# What you will do
Write out, with no changes, every line starting at the one that contains "Video chat online room" and ending at the last line of the data below. Leave pictures out.

# Input data
▼
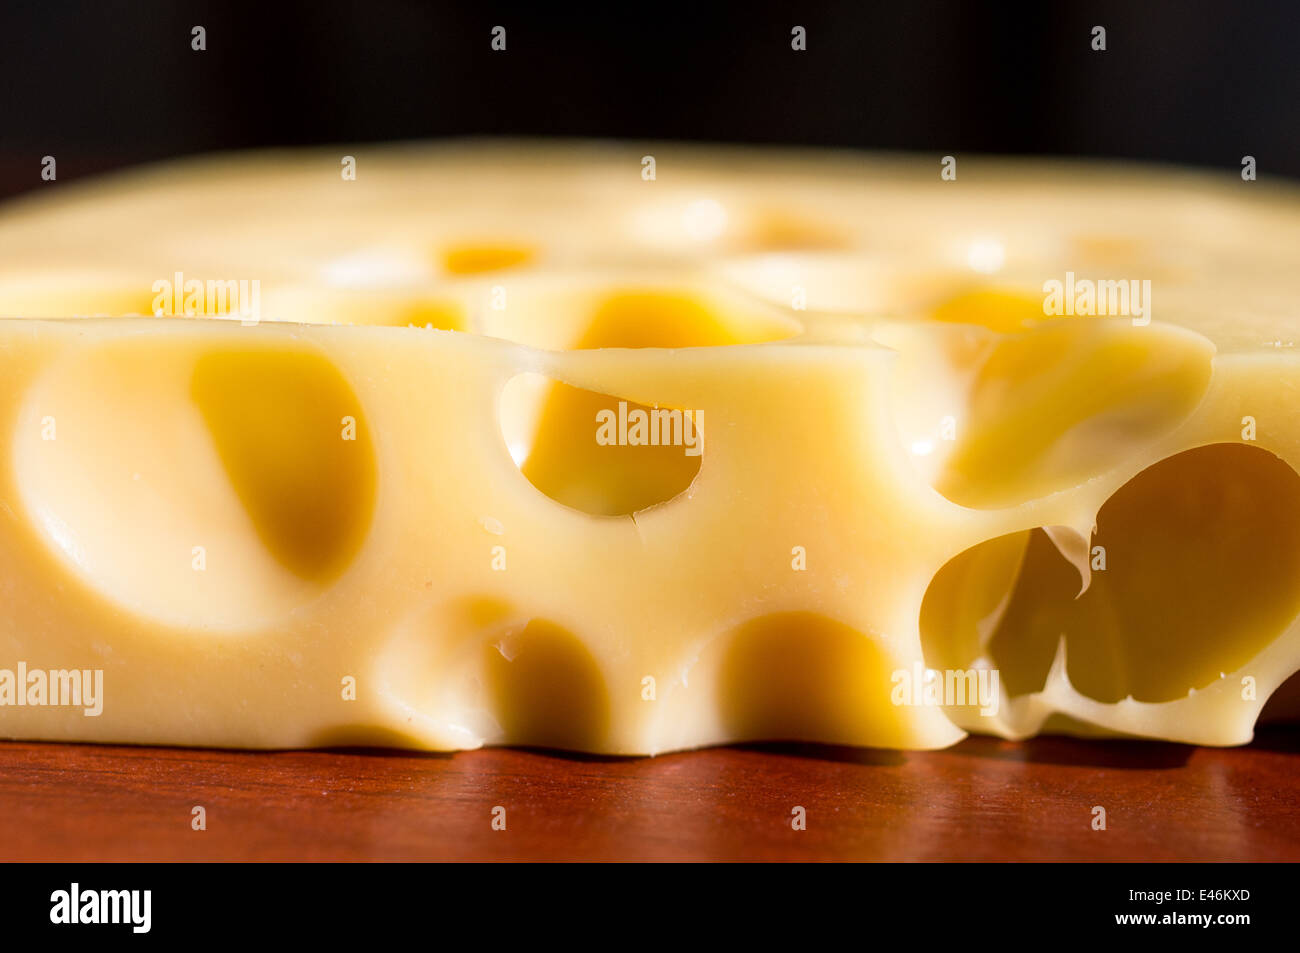 Piece of cheese with holes closeup Stock Photo
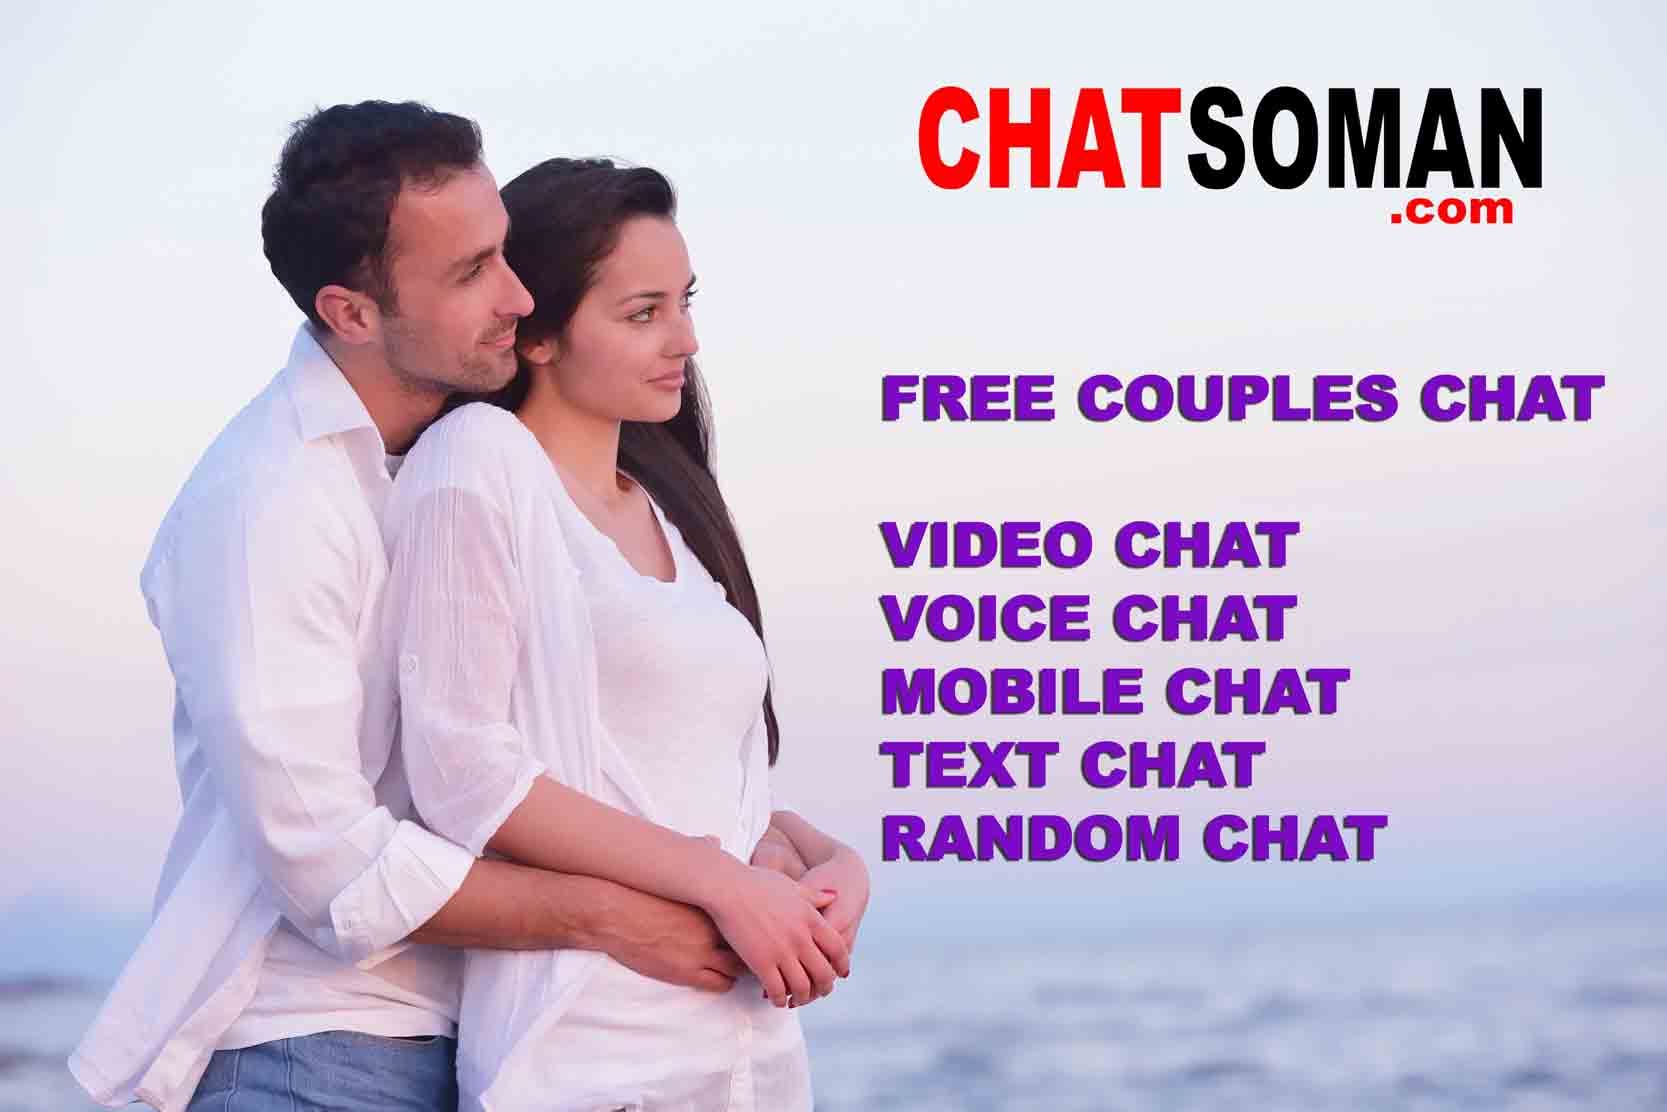 Video chat online room
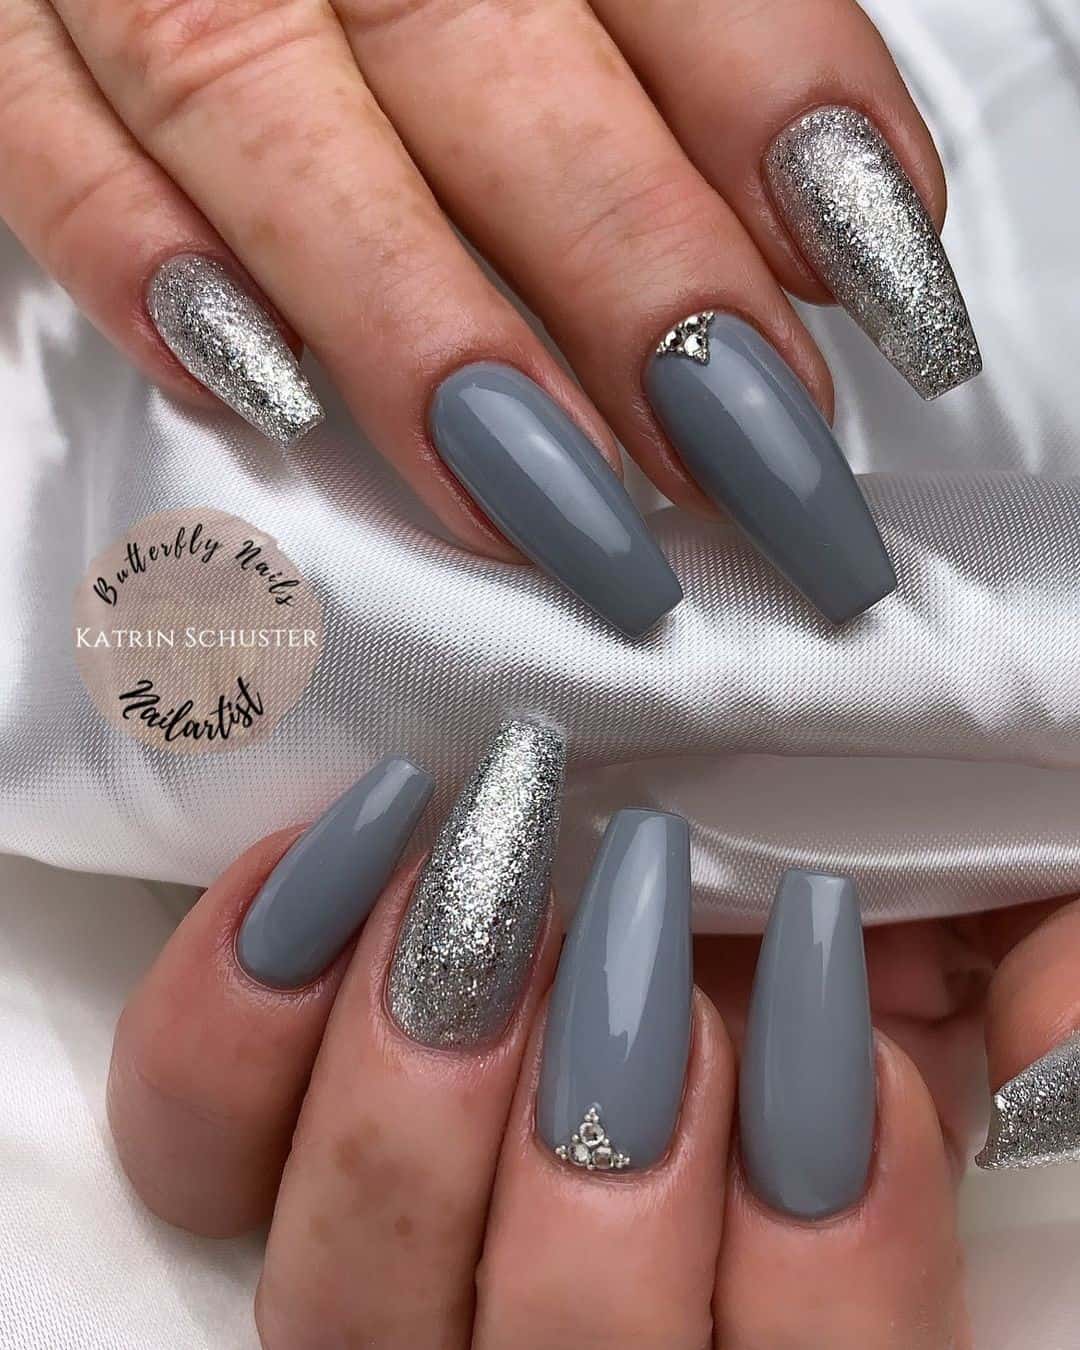 Shimmery Winter Nails With Glitter
▲
# Answer box
 Video chat online room
 Shimmery Winter Nails With Glitter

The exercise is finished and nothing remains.